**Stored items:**
══════════════════════════════

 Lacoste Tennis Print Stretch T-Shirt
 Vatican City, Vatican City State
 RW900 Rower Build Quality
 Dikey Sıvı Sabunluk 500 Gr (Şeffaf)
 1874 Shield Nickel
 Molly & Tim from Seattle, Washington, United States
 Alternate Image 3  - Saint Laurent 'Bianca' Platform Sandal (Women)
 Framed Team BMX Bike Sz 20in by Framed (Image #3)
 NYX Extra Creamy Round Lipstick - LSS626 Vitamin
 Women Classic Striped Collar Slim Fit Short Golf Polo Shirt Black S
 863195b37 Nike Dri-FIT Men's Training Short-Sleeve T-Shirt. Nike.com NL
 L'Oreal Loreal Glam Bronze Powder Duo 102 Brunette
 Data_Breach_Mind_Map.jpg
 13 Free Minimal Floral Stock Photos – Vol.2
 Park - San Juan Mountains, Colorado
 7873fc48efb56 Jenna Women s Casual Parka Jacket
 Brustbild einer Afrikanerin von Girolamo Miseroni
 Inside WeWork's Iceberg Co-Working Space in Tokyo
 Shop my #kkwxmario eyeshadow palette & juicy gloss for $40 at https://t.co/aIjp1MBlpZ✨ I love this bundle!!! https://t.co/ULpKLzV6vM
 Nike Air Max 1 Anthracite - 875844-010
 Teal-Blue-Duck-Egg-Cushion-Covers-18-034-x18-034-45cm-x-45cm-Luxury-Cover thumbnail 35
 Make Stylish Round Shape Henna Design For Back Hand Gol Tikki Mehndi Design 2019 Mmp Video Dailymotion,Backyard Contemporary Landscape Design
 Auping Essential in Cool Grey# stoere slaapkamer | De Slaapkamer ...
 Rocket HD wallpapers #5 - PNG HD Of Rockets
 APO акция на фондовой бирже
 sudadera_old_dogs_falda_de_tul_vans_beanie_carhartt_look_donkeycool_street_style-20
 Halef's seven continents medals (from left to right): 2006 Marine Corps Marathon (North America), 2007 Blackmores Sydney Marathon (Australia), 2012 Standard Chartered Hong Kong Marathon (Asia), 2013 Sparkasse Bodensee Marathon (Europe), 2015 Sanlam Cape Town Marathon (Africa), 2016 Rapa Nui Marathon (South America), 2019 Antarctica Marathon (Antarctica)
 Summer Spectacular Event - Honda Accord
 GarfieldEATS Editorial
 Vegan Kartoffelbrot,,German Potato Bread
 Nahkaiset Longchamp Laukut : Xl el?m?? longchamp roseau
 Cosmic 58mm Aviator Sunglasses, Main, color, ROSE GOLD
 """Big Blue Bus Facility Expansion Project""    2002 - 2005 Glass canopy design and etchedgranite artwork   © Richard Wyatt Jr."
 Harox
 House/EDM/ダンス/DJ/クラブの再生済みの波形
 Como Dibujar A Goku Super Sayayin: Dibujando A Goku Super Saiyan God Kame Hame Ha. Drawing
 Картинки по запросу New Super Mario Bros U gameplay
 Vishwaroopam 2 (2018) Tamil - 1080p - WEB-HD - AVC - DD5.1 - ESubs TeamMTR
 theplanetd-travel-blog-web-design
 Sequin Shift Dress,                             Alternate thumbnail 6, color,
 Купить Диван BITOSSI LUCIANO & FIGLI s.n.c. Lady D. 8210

══════════════════════════════

**Task brief:**
Out of the data above, transcribe exactly and only the lines starting with the line that has "House/EDM/ダンス/DJ/クラブの再生済みの波形" and going on through the line that has "Vishwaroopam 2 (2018)", both included.

**Completed exercise:**
 House/EDM/ダンス/DJ/クラブの再生済みの波形
 Como Dibujar A Goku Super Sayayin: Dibujando A Goku Super Saiyan God Kame Hame Ha. Drawing
 Картинки по запросу New Super Mario Bros U gameplay
 Vishwaroopam 2 (2018) Tamil - 1080p - WEB-HD - AVC - DD5.1 - ESubs TeamMTR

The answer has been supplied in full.